Radar and satellite mapping of the snow-covered areas of Europe is an extremely useful tool for monitoring climate changes. Elaborate software codes have been developed to exploit a wide range of sensors for snow mapping and facilitate operational applications in real time.

Accurate snow maps that provide information on a number of snow parameters like snow cover area, snow water equivalent, snow wetness and snow surface temperature are indispensable for a number of scientific fields. The fields of meteorology, hydrology, and geology all use snow data. Moreover, snow maps are expected to considerably aid in environmental protection. The ENVISNOW project has developed a software suite that integrates snow parameter retrieval algorithms and processes data accumulated from multiple sensors. Automated snow mapping is now feasible for both imaging radar and optical sensors. Software data processing enables classification of snow-covered areas utilising either backscattering information stemming from radar observations or multi-spectral reflectance signatures from optical sensors. The collected data may be projected in many different ways resulting in a number of respective maps. The developed software facilitates snow mapping from specific absorption rate (SAR) measurements. SAR sensors are capable of observing the Earth's surface without being affected by clouds or daylight but enable detection only for melting snow.
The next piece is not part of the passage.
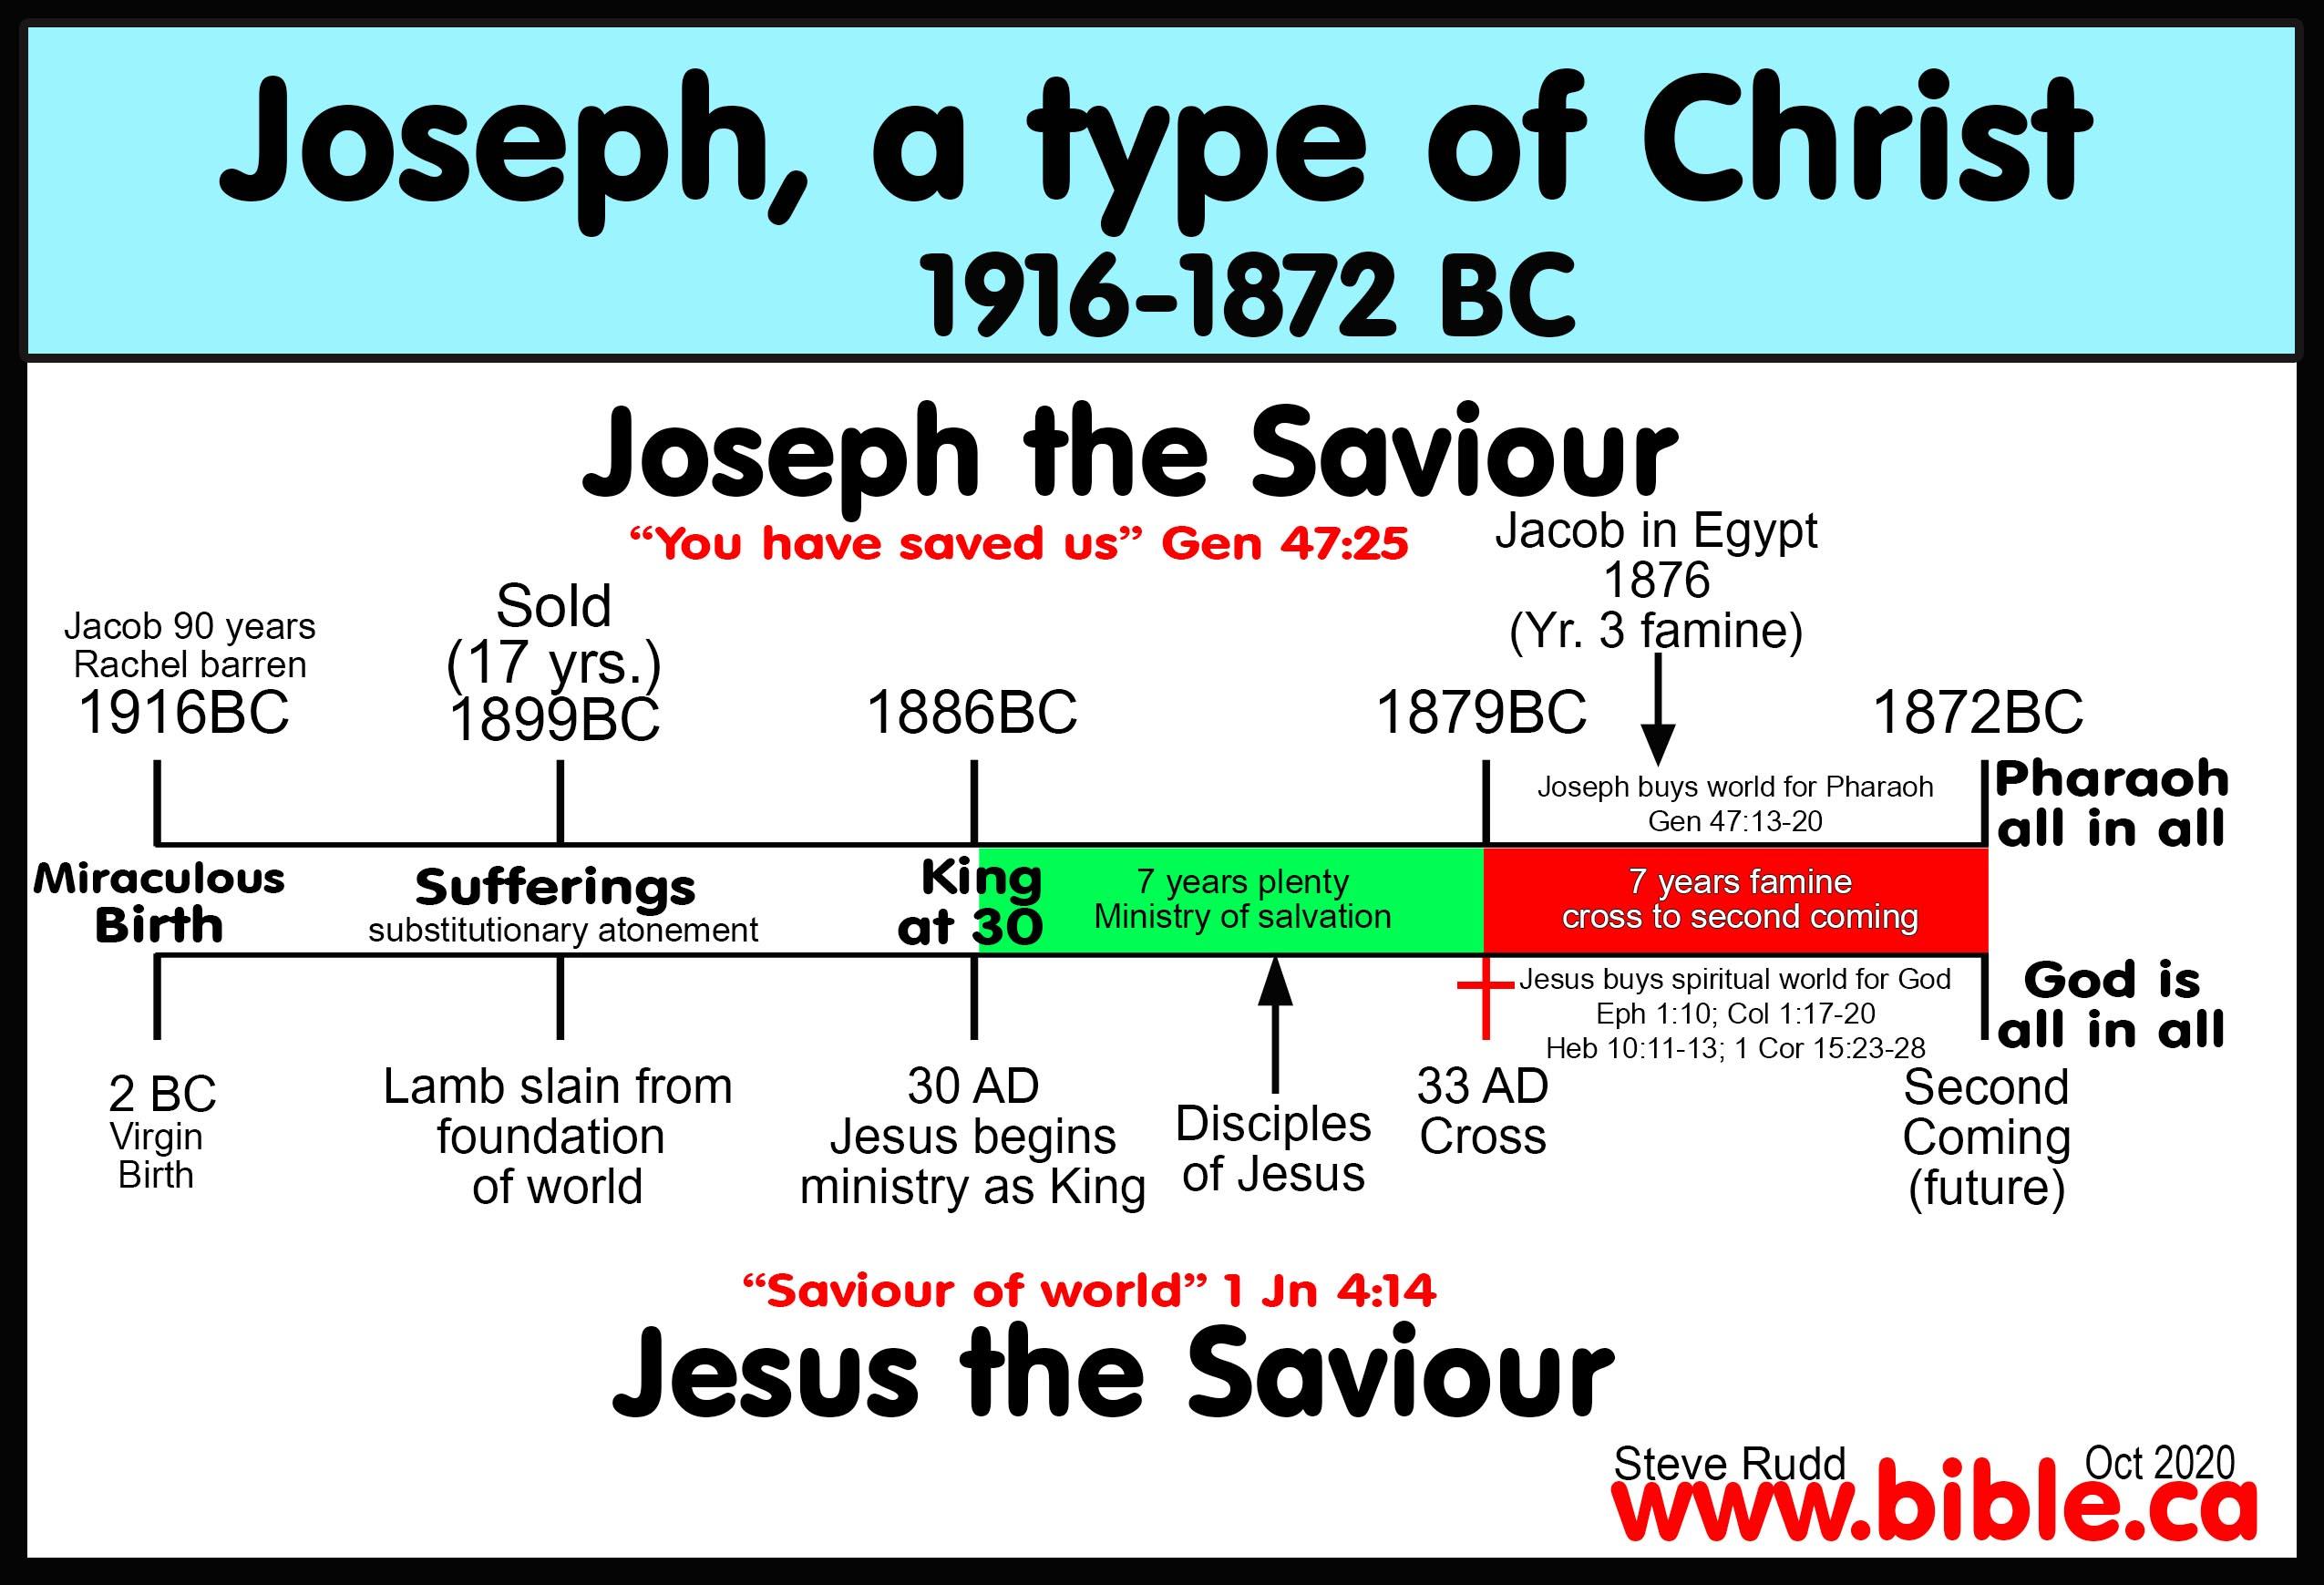 Comparison List Of 75 Joseph Christ Shadows Types Antitypes And Similarities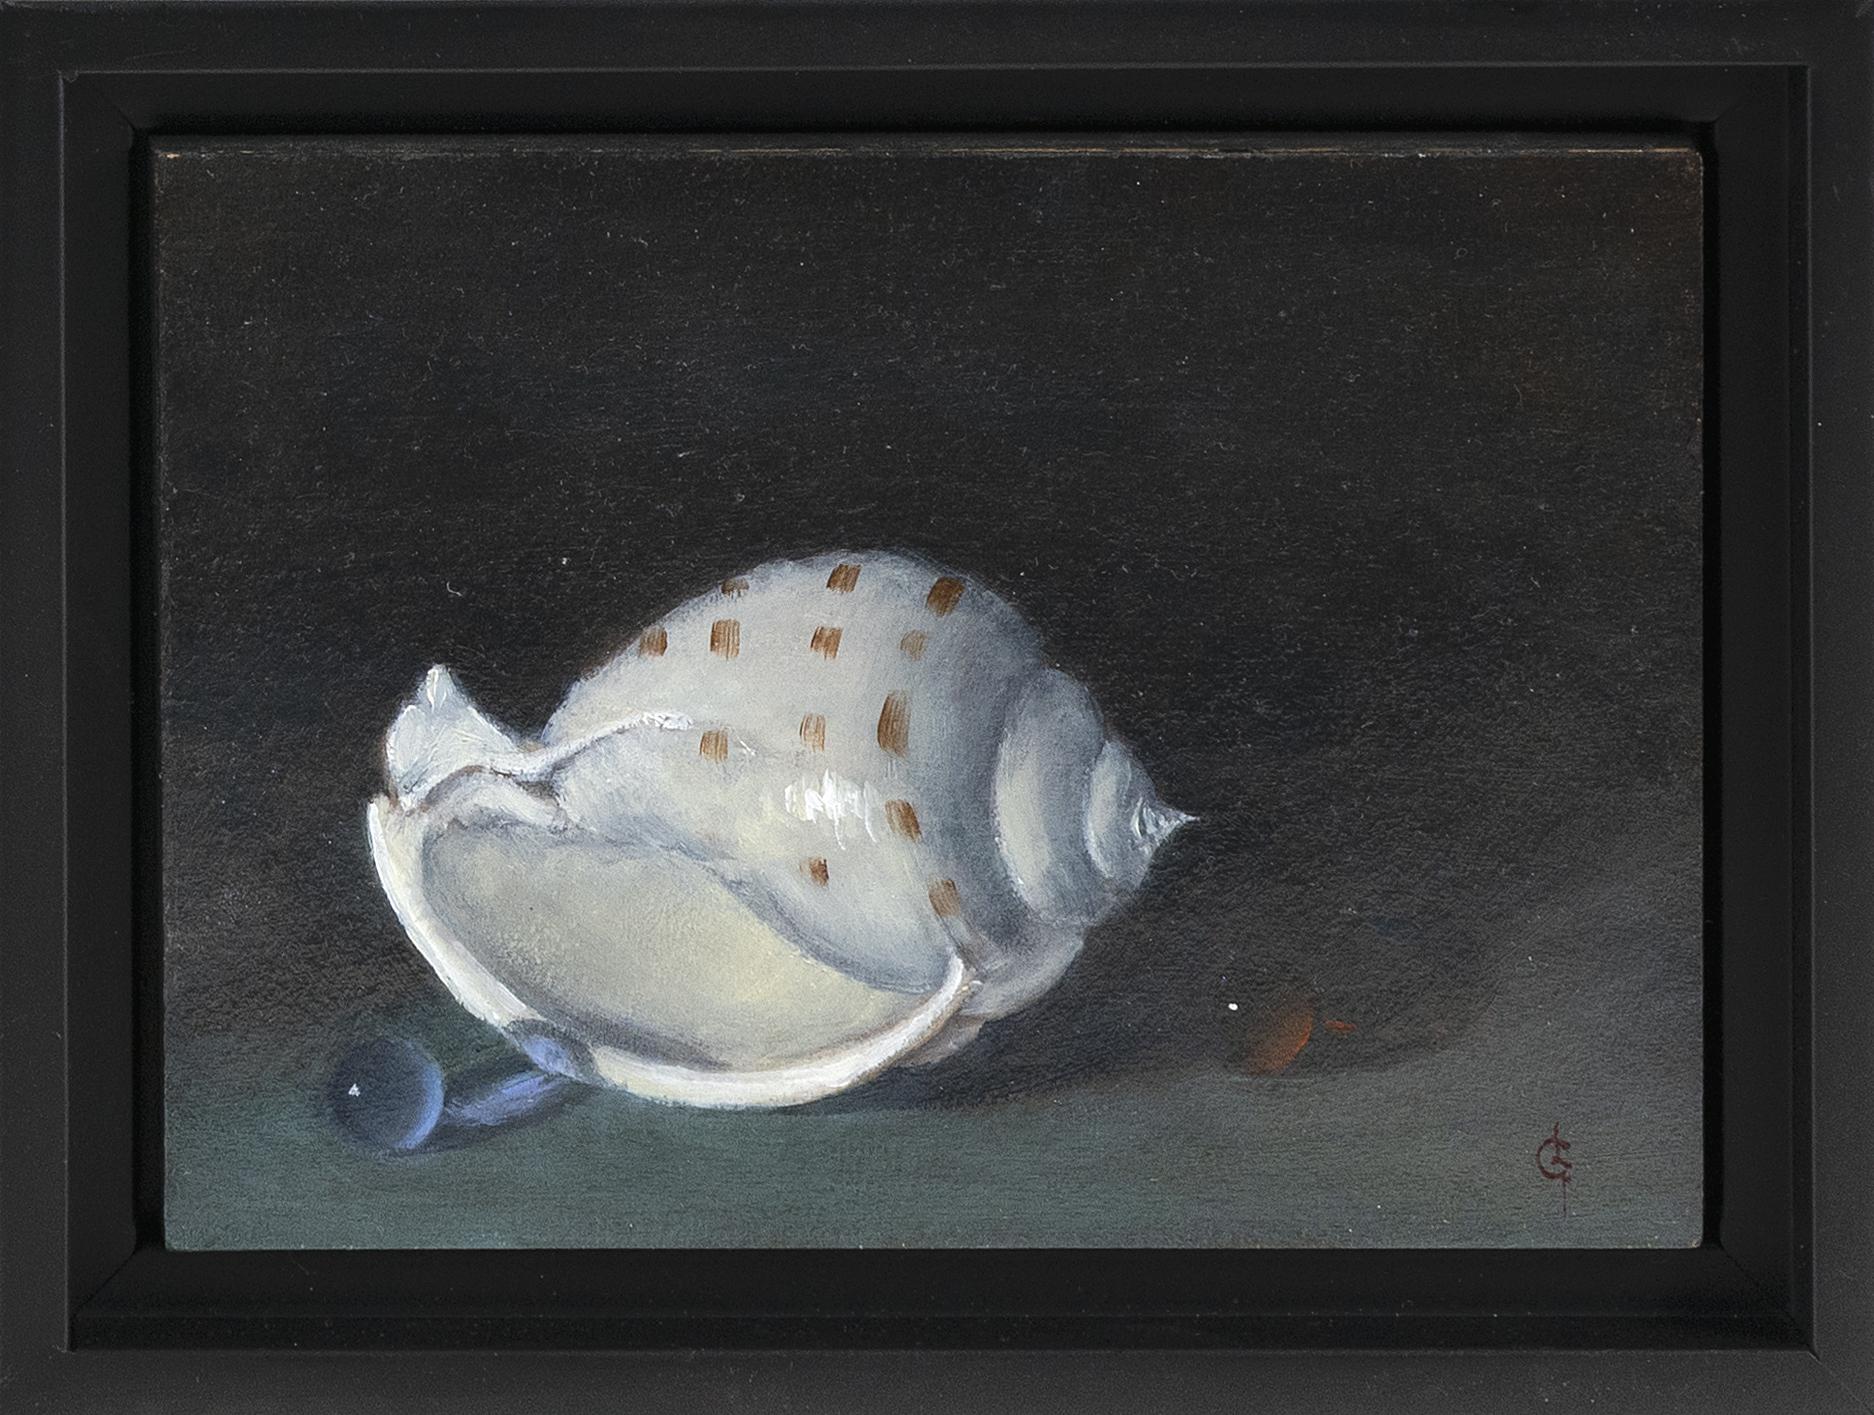 "LESLIE GABOSH (America, Contemporary), Seashell., Oil on board, 5"" x 7"". Framed 6.5"" x 8.5""."

Their data has numerous applications in hydrology and water management. The snow classification tool developed by the ENVISNOW partners was succesfully tested for SAR sensors on board a number of European satellites. Snow cover maps were also produced from both medium and high-resolution optical sensors. Once again, application and testing of the software tool was successful. Different observation geometries, sensor resolution and sensitivity to snow parameters between radar and optical equipment result in systematic differences of the respective maps produced. The developed tool can account for these systematic differences and eliminate them, enabling consistent mapping. The snow parameter retrieval algorithm integrates the complementary characteristics of optic and radar sensors. The resulting automated snow mapping is utilised in hydrological modes allowing better prediction accuracy.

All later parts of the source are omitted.